Time has come for UK to return Parthenon marbles, says Greek PM

This article is more than 2 years old

Kyriakos Mitsotakis says deal with Sicily ‘opens way’ for return of marbles from British Museum

The long-awaited homecoming of a marble fragment, honed to adorn the Parthenon but long in exile in Italy, must “open the way” for other masterpieces to be reunited with the monument, the Greek prime minister has said.

As the artwork was unveiled at the Acropolis Museum, Kyriakos Mitsotakis said its restitution – sealed in a breakthrough deal between Sicily and Athens – offered a blueprint for similar accords to be reached, not least with the UK.

“This important step today opens the way, I believe, for other museums to be able to move in a similar direction,” he told attenders at Monday’s ceremony. “Most importantly, of course, the British Museum should understand that the time has come for the Parthenon marbles … to finally return here, to their natural home.”

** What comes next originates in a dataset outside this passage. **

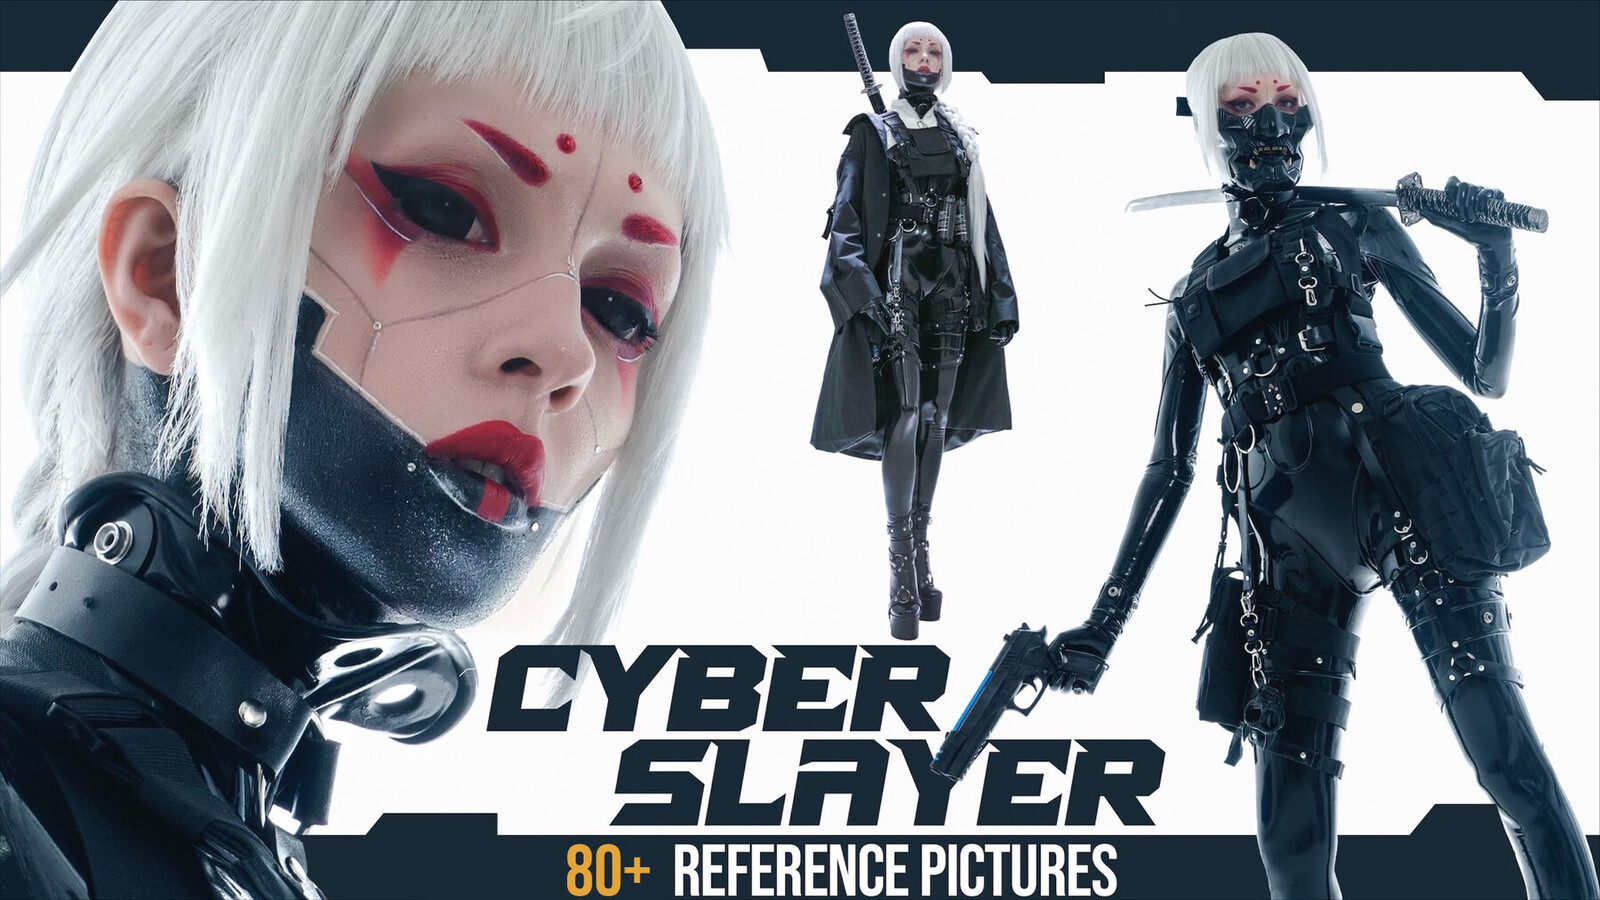 Check out the Cyber Slayer Reference Pack! https://www.artstation.com/a/31514380
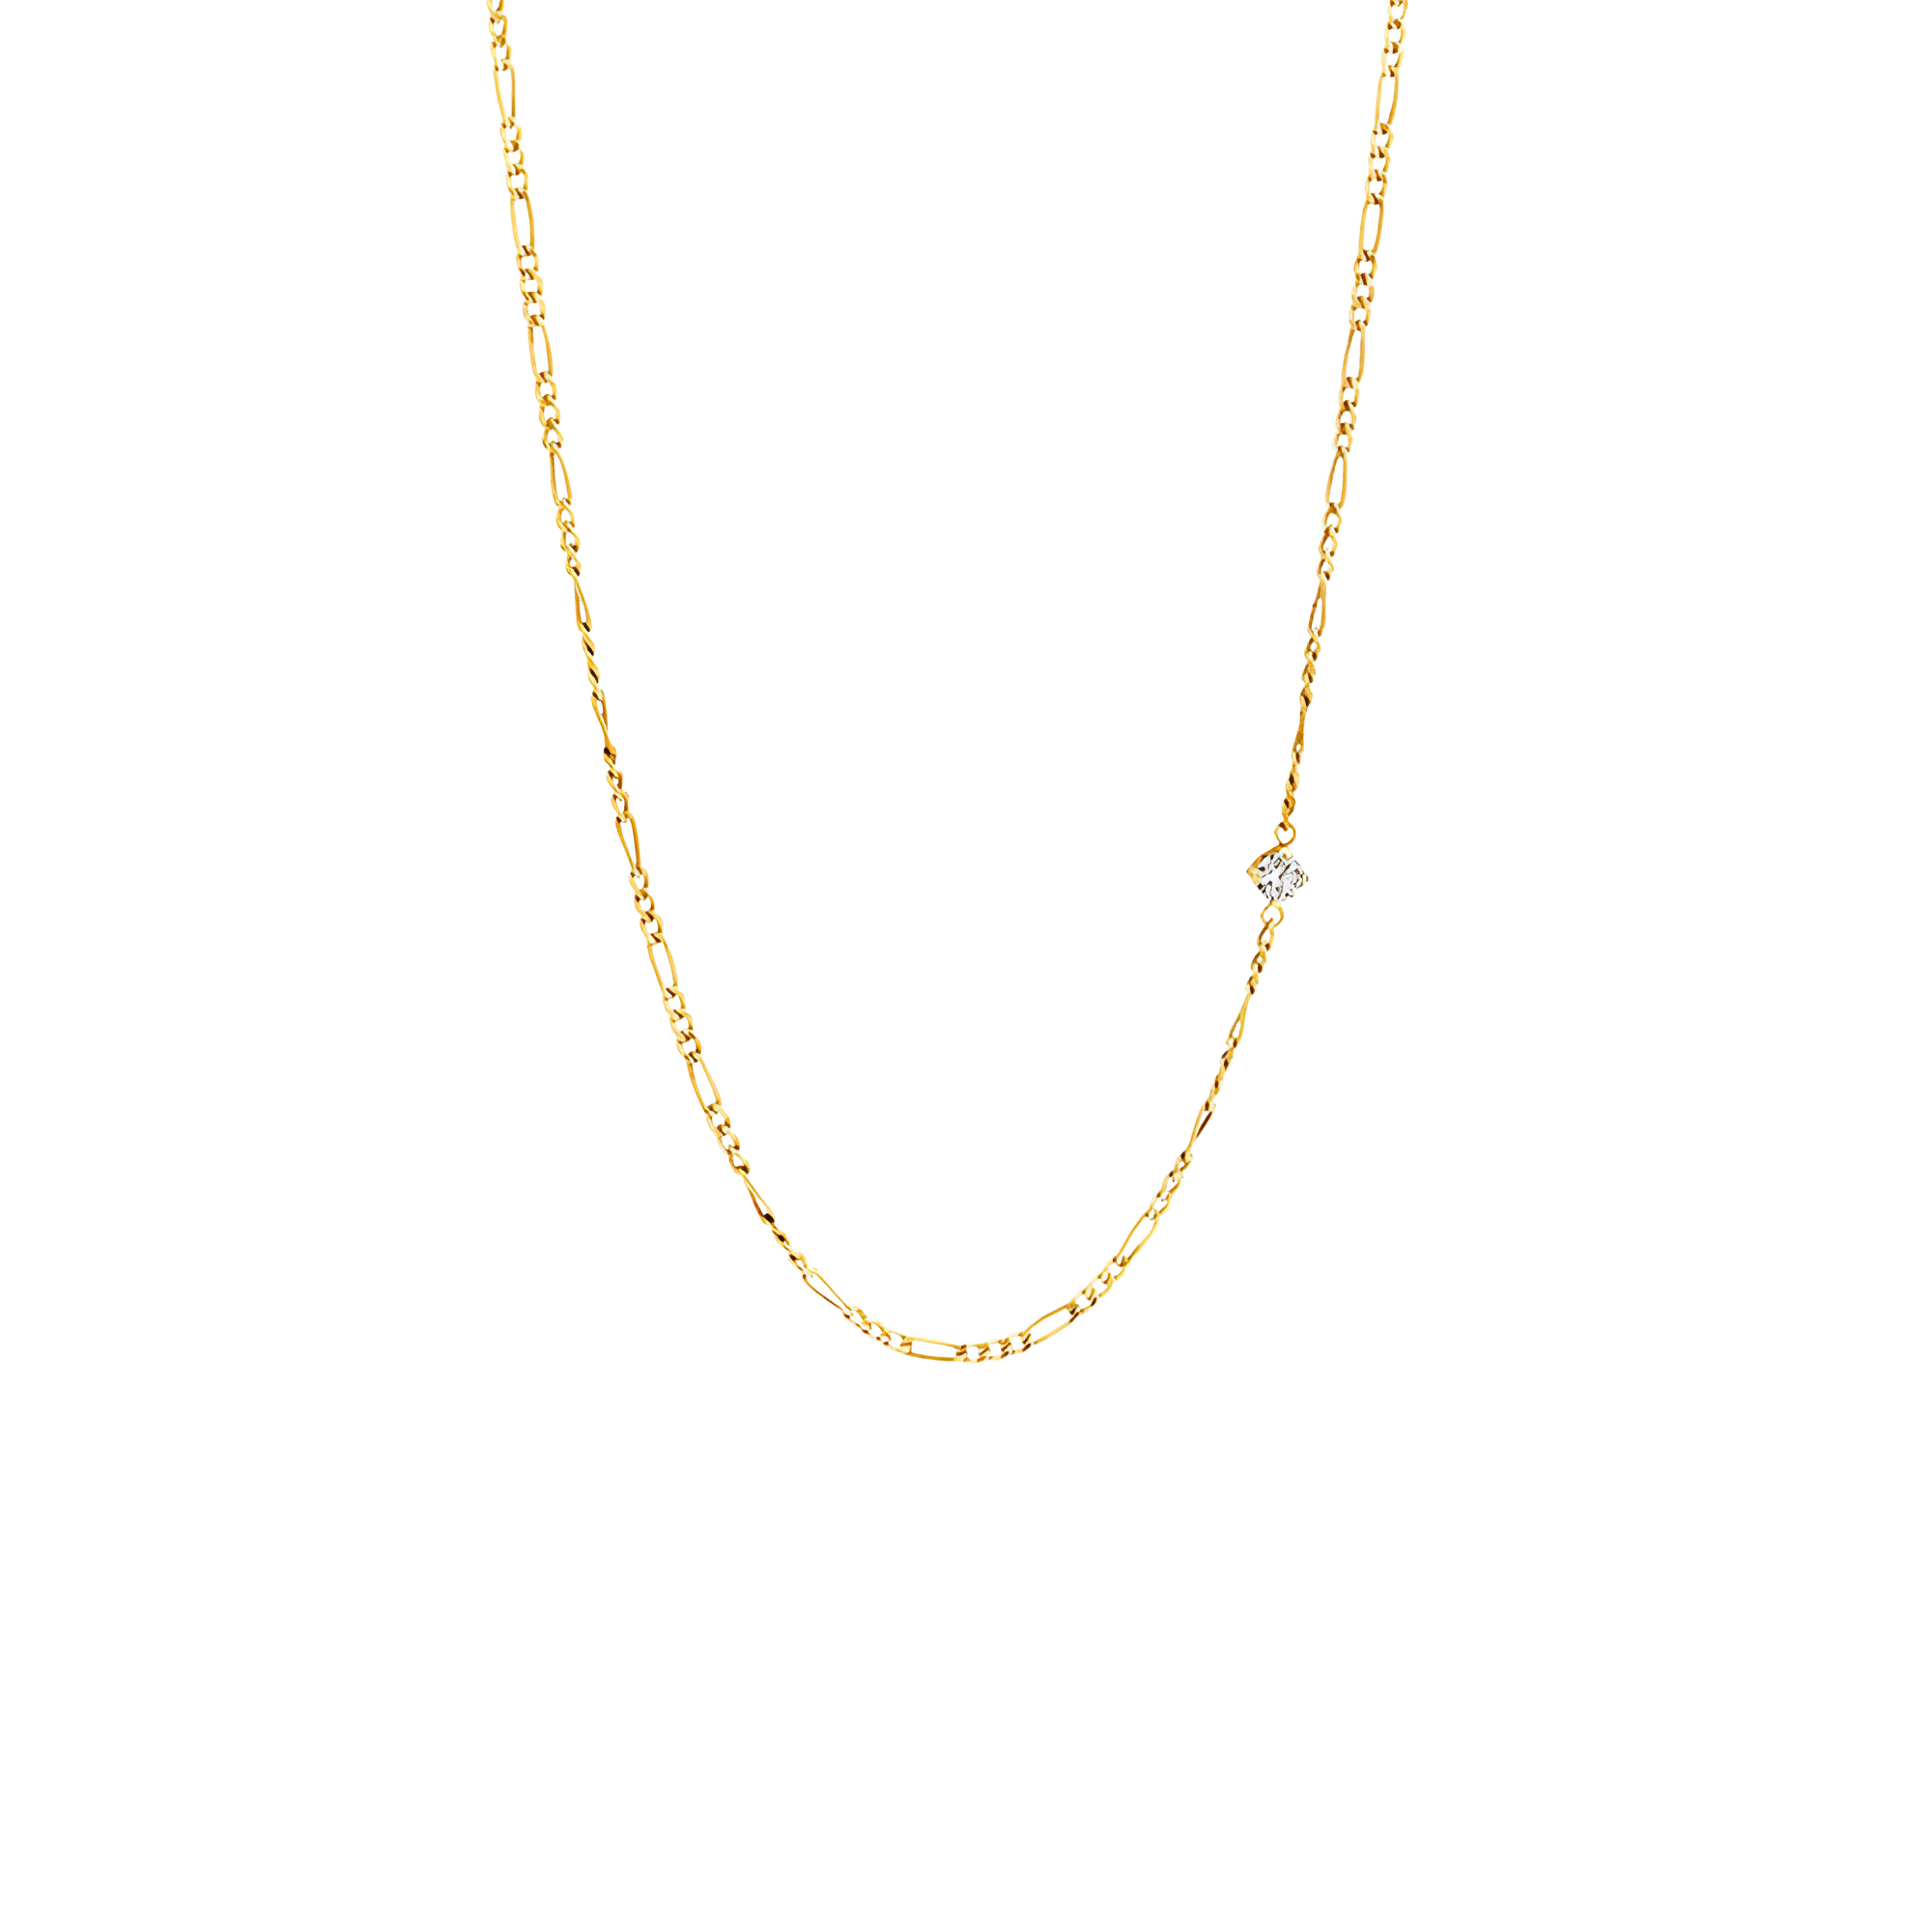 Lab-Grown Diamond Flawless Chain Necklace | 18K yellow gold / 0.1ct  | Jewelry | The Future Rocks

The exquisite piece is barely the size of a shoebox. Carved 2,500 years ago, it depicts the foot of a draped Artemis, goddess of the hunt, peeking out from beneath an elaborate tunic. The fragment once embellished the eastern part of the Parthenon temple’s monumental frieze, long regarded as the high point of classical art.

The treasure was returned last week to Greece by the Antonio Salinas Regional Archaeological Museum in Sicily, ostensibly as part of a cultural exchange.

Conservators at the Acropolis Museum in Athens place the Parthenon fragment sent from Sicily. Photograph: Panayotis Tzamaros/NurPhoto/REX/Shutterstock

Under the deal it was agreed that the loan, due to expire in 2026, could be extended for a further four years. In return, Athens has lent the Palermo Museum a headless fifth-century BC statue of the goddess Athena and an eighth-century BC amphora.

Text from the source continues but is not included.